Edward Ensinger Beidleman (July 8, 1873 – April 9, 1929) was an American politician from Pennsylvania who served as a Republican member of the Pennsylvania House of Representatives for Dauphin County from 1905 to 1908, the Pennsylvania Senate for the 15th district from 1913 to 1918 and as the 12th lieutenant governor of Pennsylvania from 1919 to 1923.

Early life and education
Beidleman was born in Harrisburg, Pennsylvania to Thomas and Susan (Ensinger) Beidleman.  He attended the public schools, graduated from Harrisburg High School in 1892 and received a degree from the Keystone Business College.

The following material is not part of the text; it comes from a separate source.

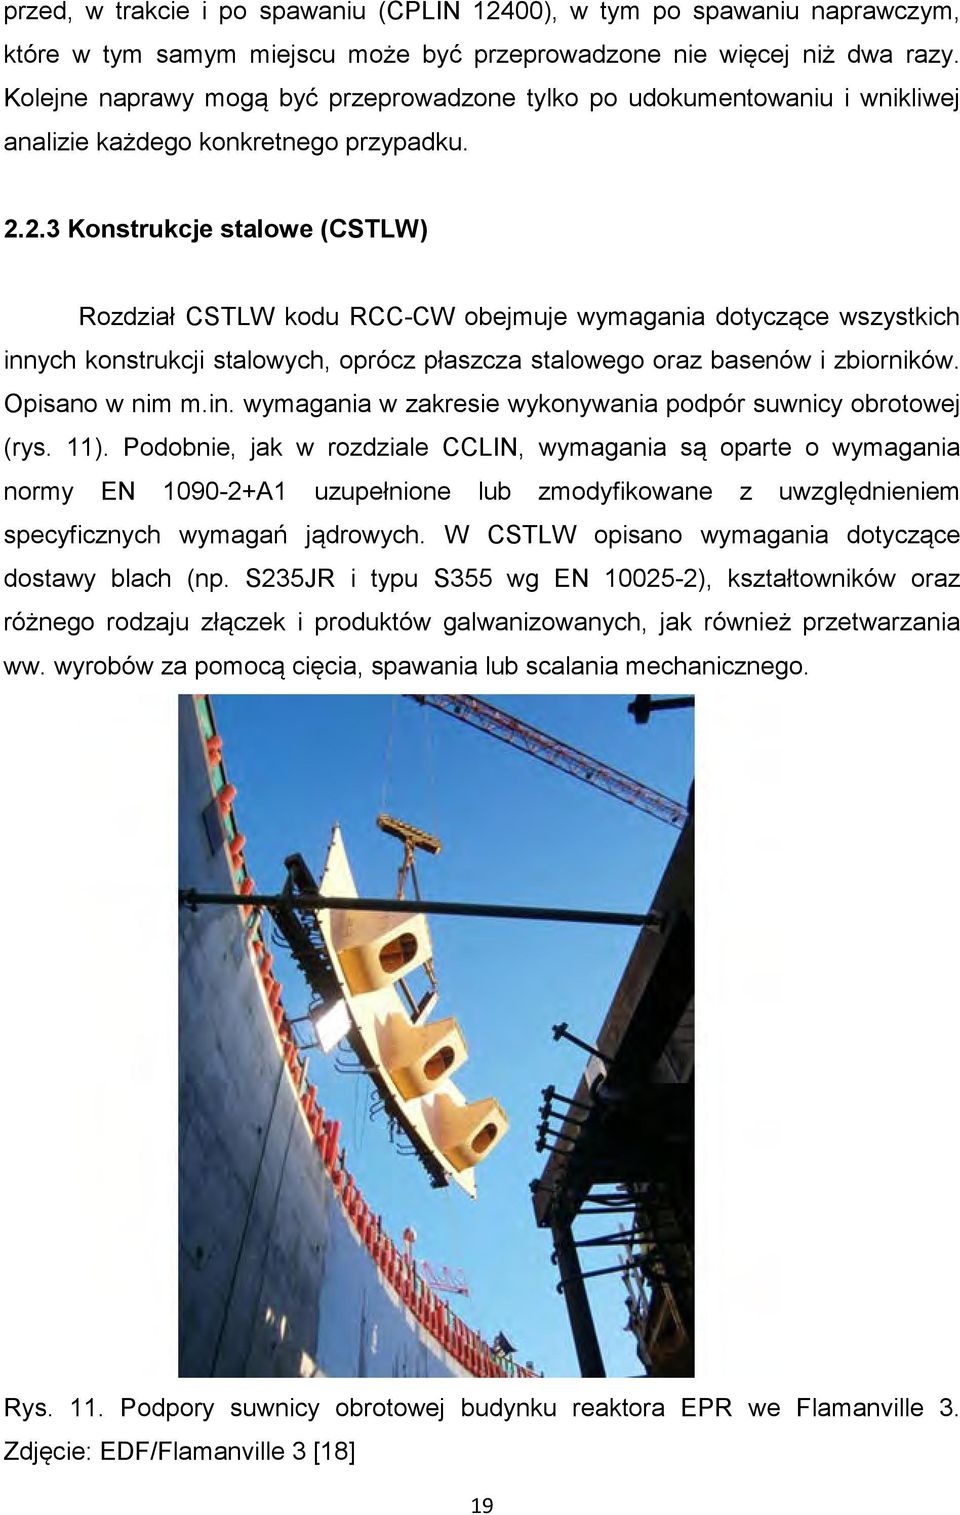 2.3 Konstrukcje stalowe (CSTLW) Rozdział CSTLW kodu RCC-CW obejmuje wymagania dotyczące wszystkich innych konstrukcji stalowych, oprócz płaszcza stalowego oraz basenów i zbiorników. Opisano w nim m.

He studied law under Samuel McCarrell and was accepted to the Dauphin County bar on January 28, 1898.

Business career
He worked as a labor foreman for Lochiel Iron Works from 1867 to 1889, as an assistant at the Lochiel Merchandise Company from 1889 to 1900 and as a lawyer for Beidleman & Hull.

Political career
He served as a member of the Pennsylvania House of Representatives for Dauphin County from 1905 to 1908.  He served as a member of the Pennsylvania State Senate from 1913 to 1919 including as President pro tempore from 1917 to 1918.  He was a delegate to the Republican National Convention from Pennsylvania in 1924.  He had an unsuccessful campaign for Governor of Pennsylvania in 1928.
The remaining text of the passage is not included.